▶ **BRIEF**
Only an exact copy of the lines from the one containing "Modern Geta Sandals | Japan Avenue" through the last line of the material below belongs in the answer, with no pictures.

▶ **PROVIDED DATA**

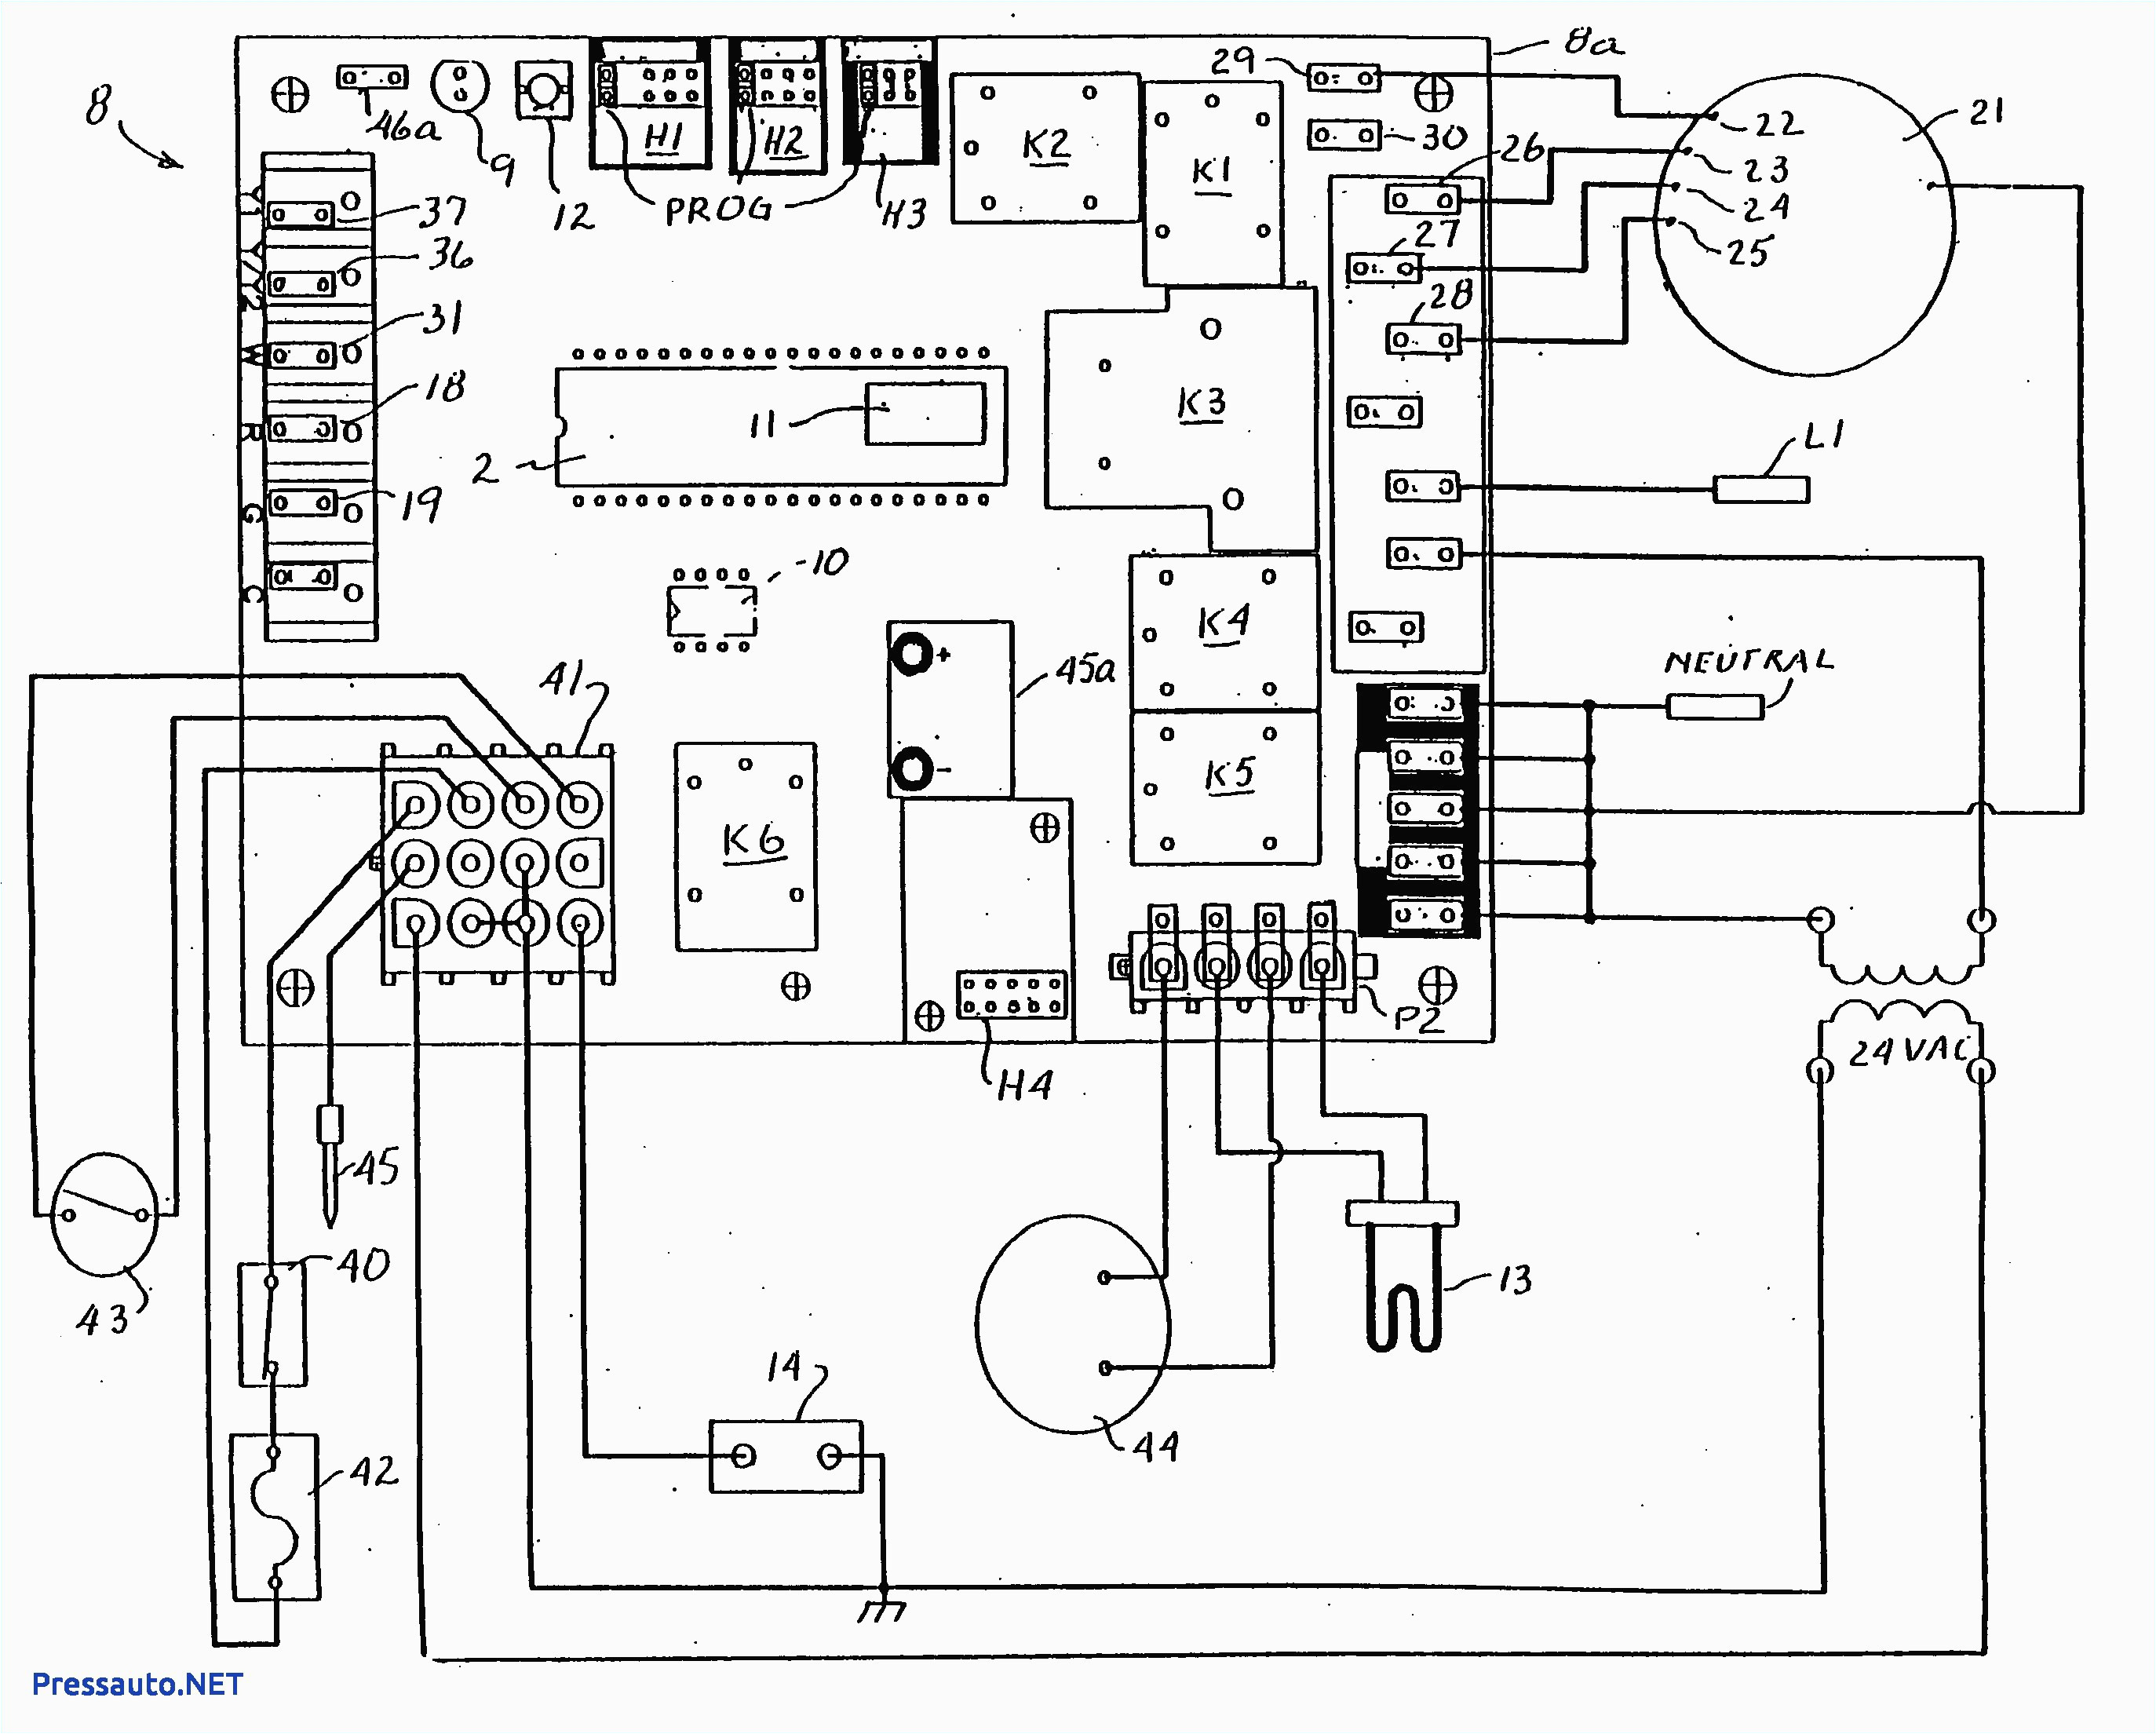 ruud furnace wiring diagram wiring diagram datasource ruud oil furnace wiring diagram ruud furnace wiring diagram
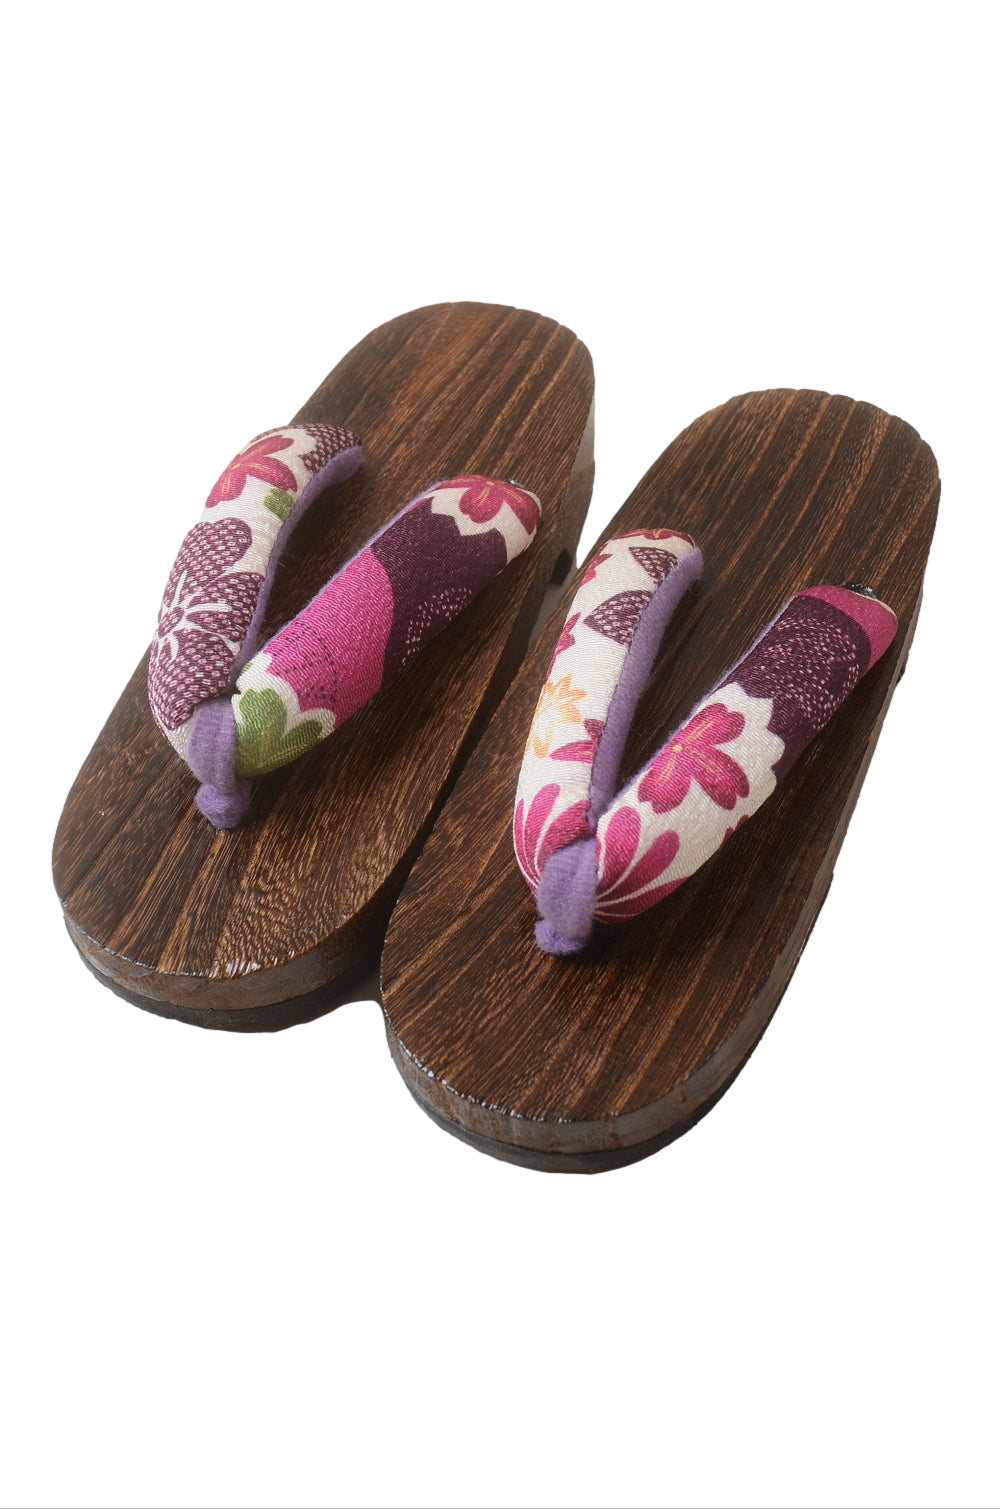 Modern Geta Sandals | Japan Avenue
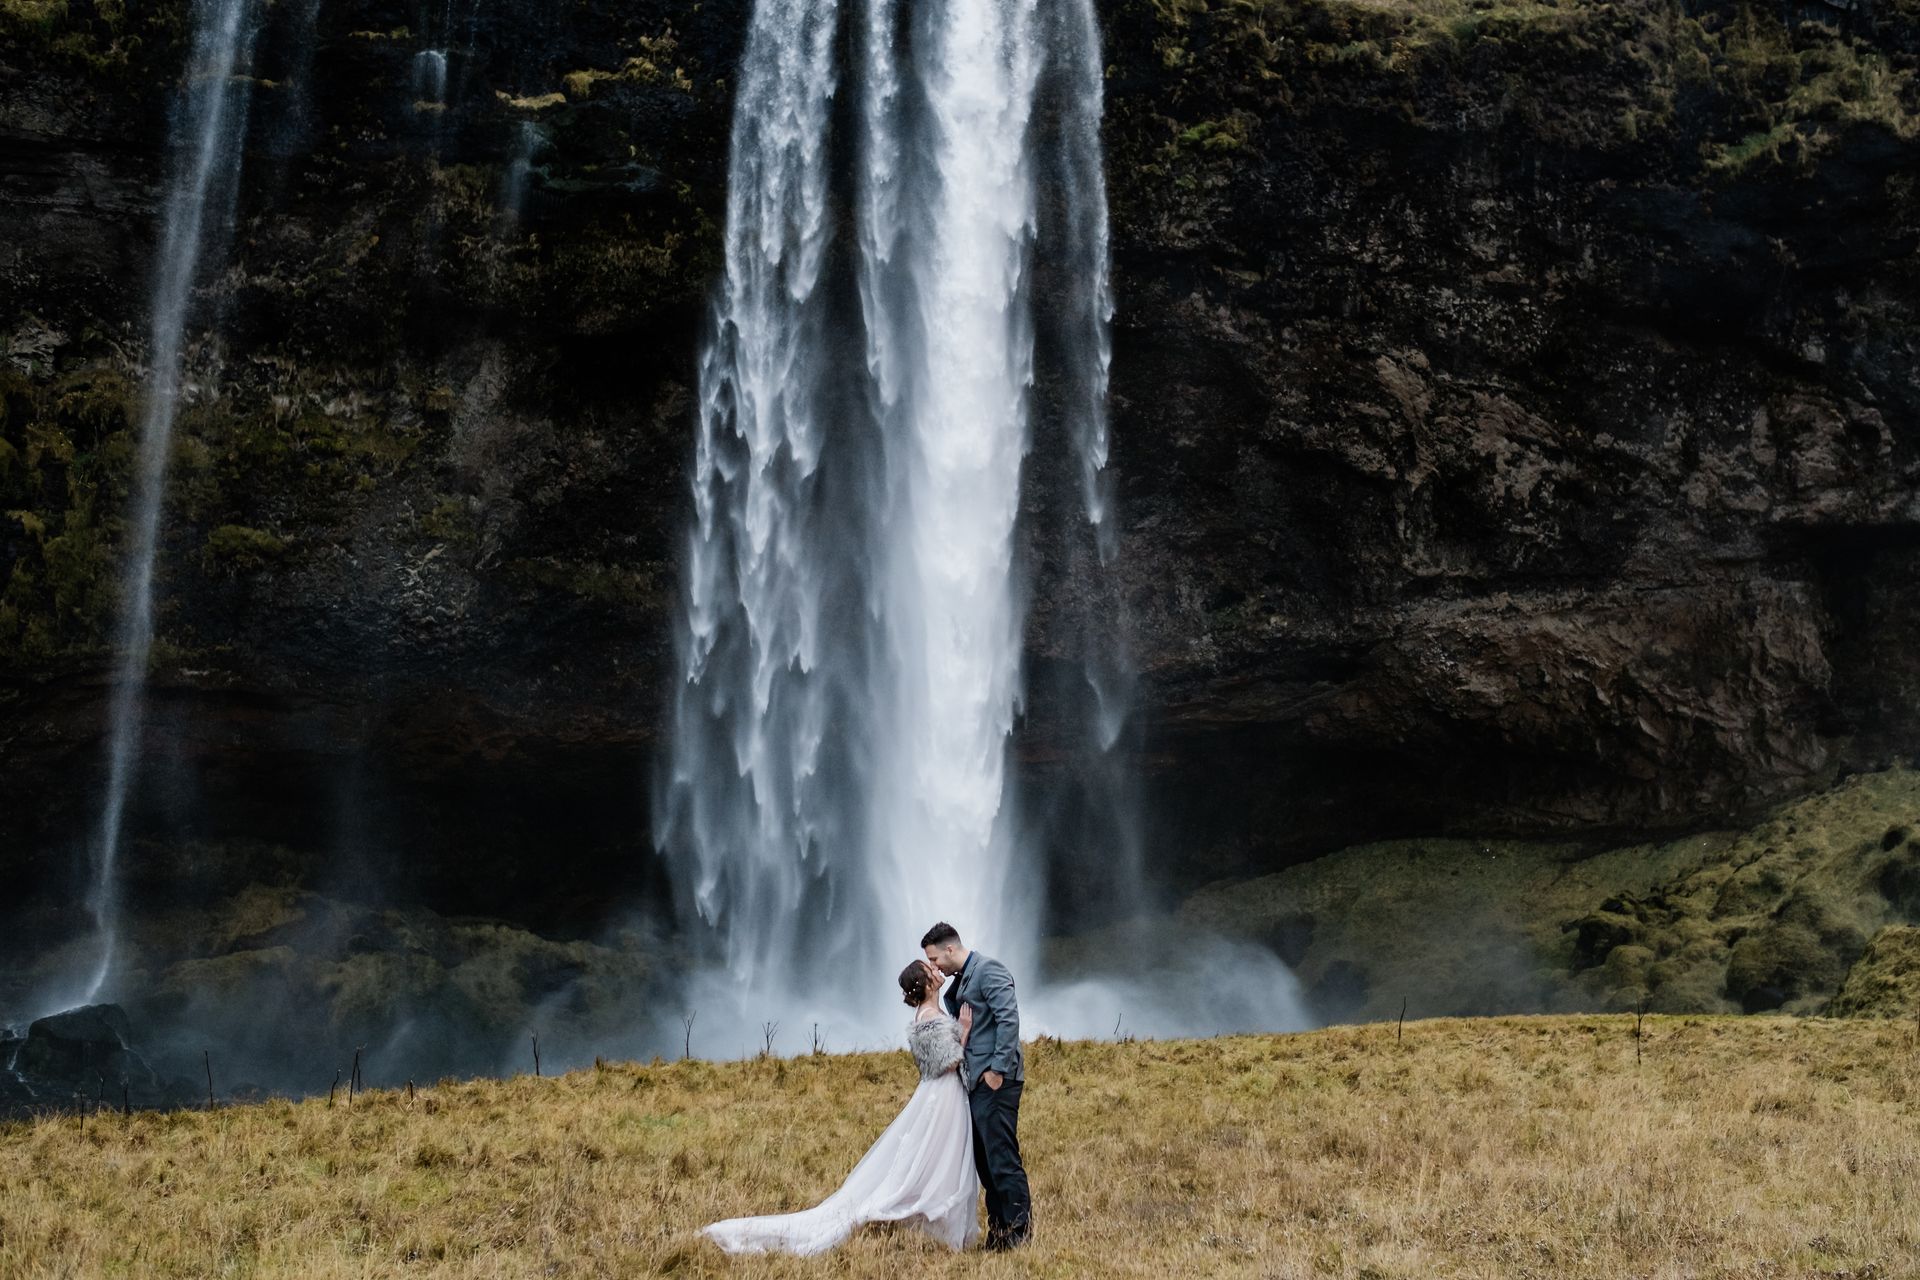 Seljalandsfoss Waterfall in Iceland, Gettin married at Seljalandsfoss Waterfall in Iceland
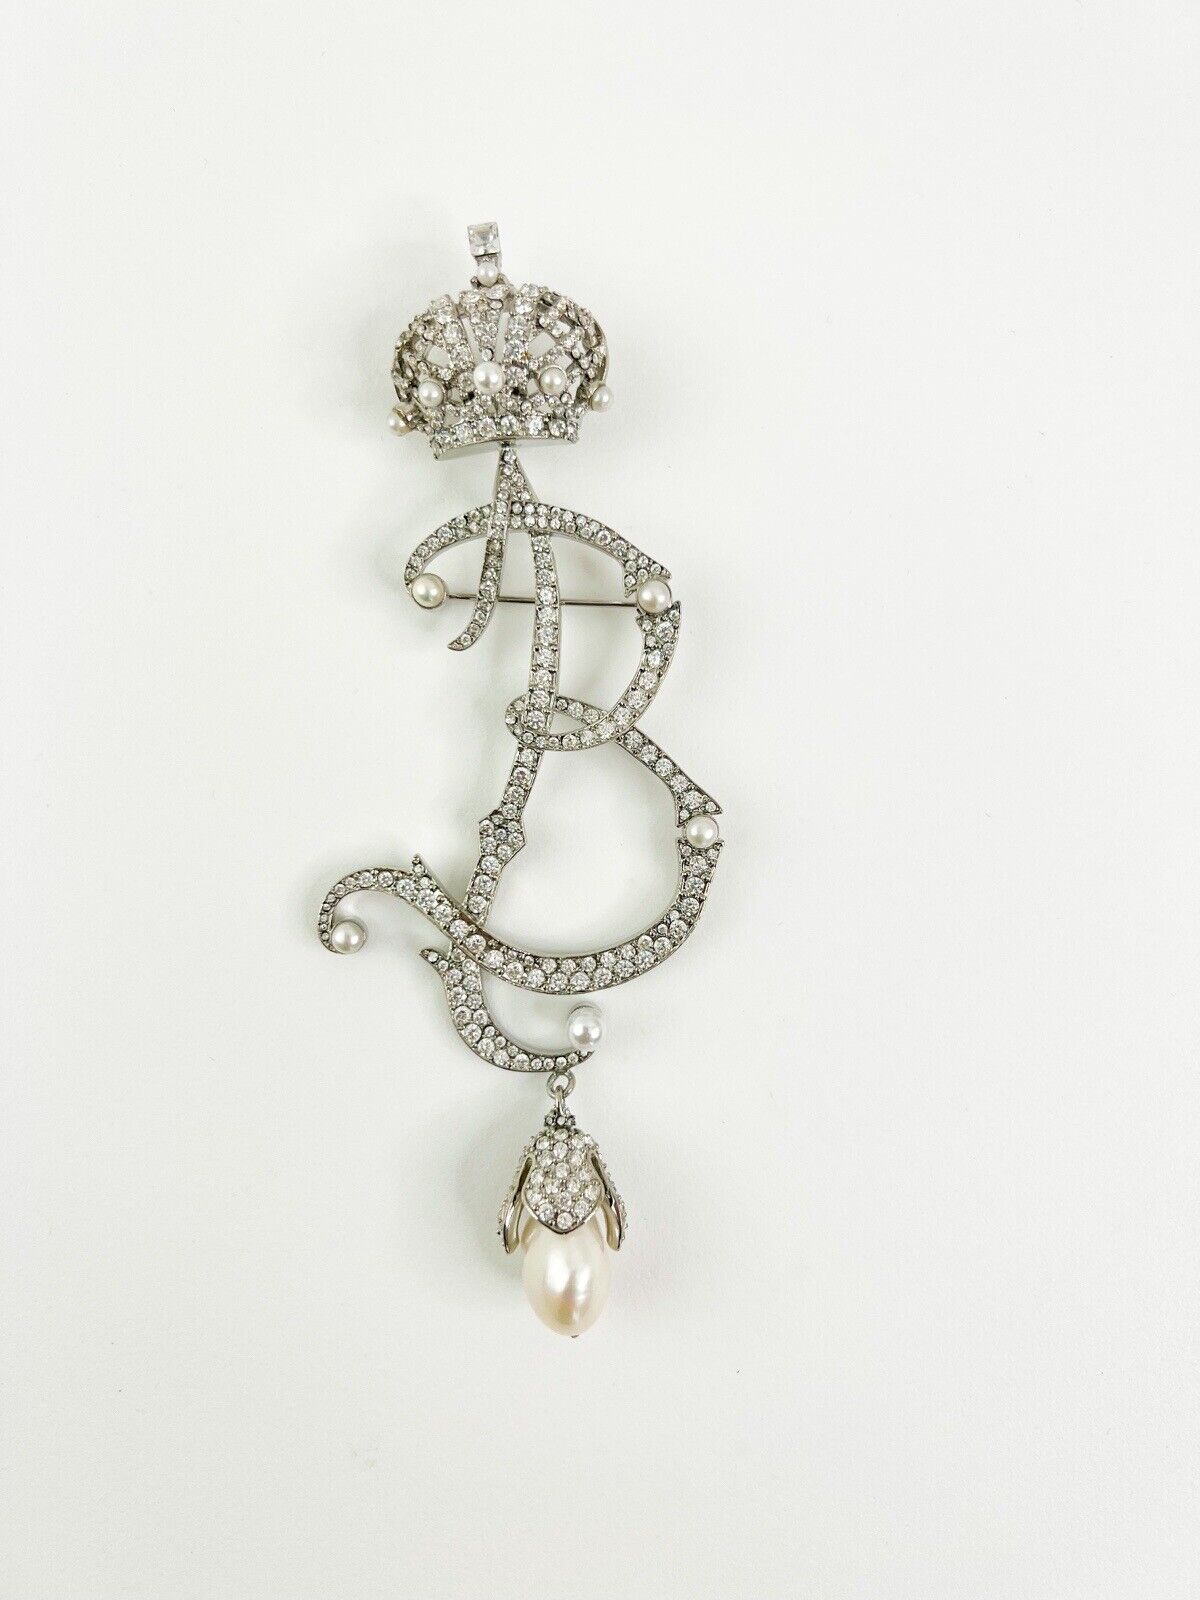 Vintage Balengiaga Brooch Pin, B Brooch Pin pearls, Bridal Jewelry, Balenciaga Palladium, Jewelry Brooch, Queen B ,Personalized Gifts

▶ **RESPONSE**
 Modern Geta Sandals | Japan Avenue
 Seljalandsfoss Waterfall in Iceland, Gettin married at Seljalandsfoss Waterfall in Iceland
 Vintage Balengiaga Brooch Pin, B Brooch Pin pearls, Bridal Jewelry, Balenciaga Palladium, Jewelry Brooch, Queen B ,Personalized Gifts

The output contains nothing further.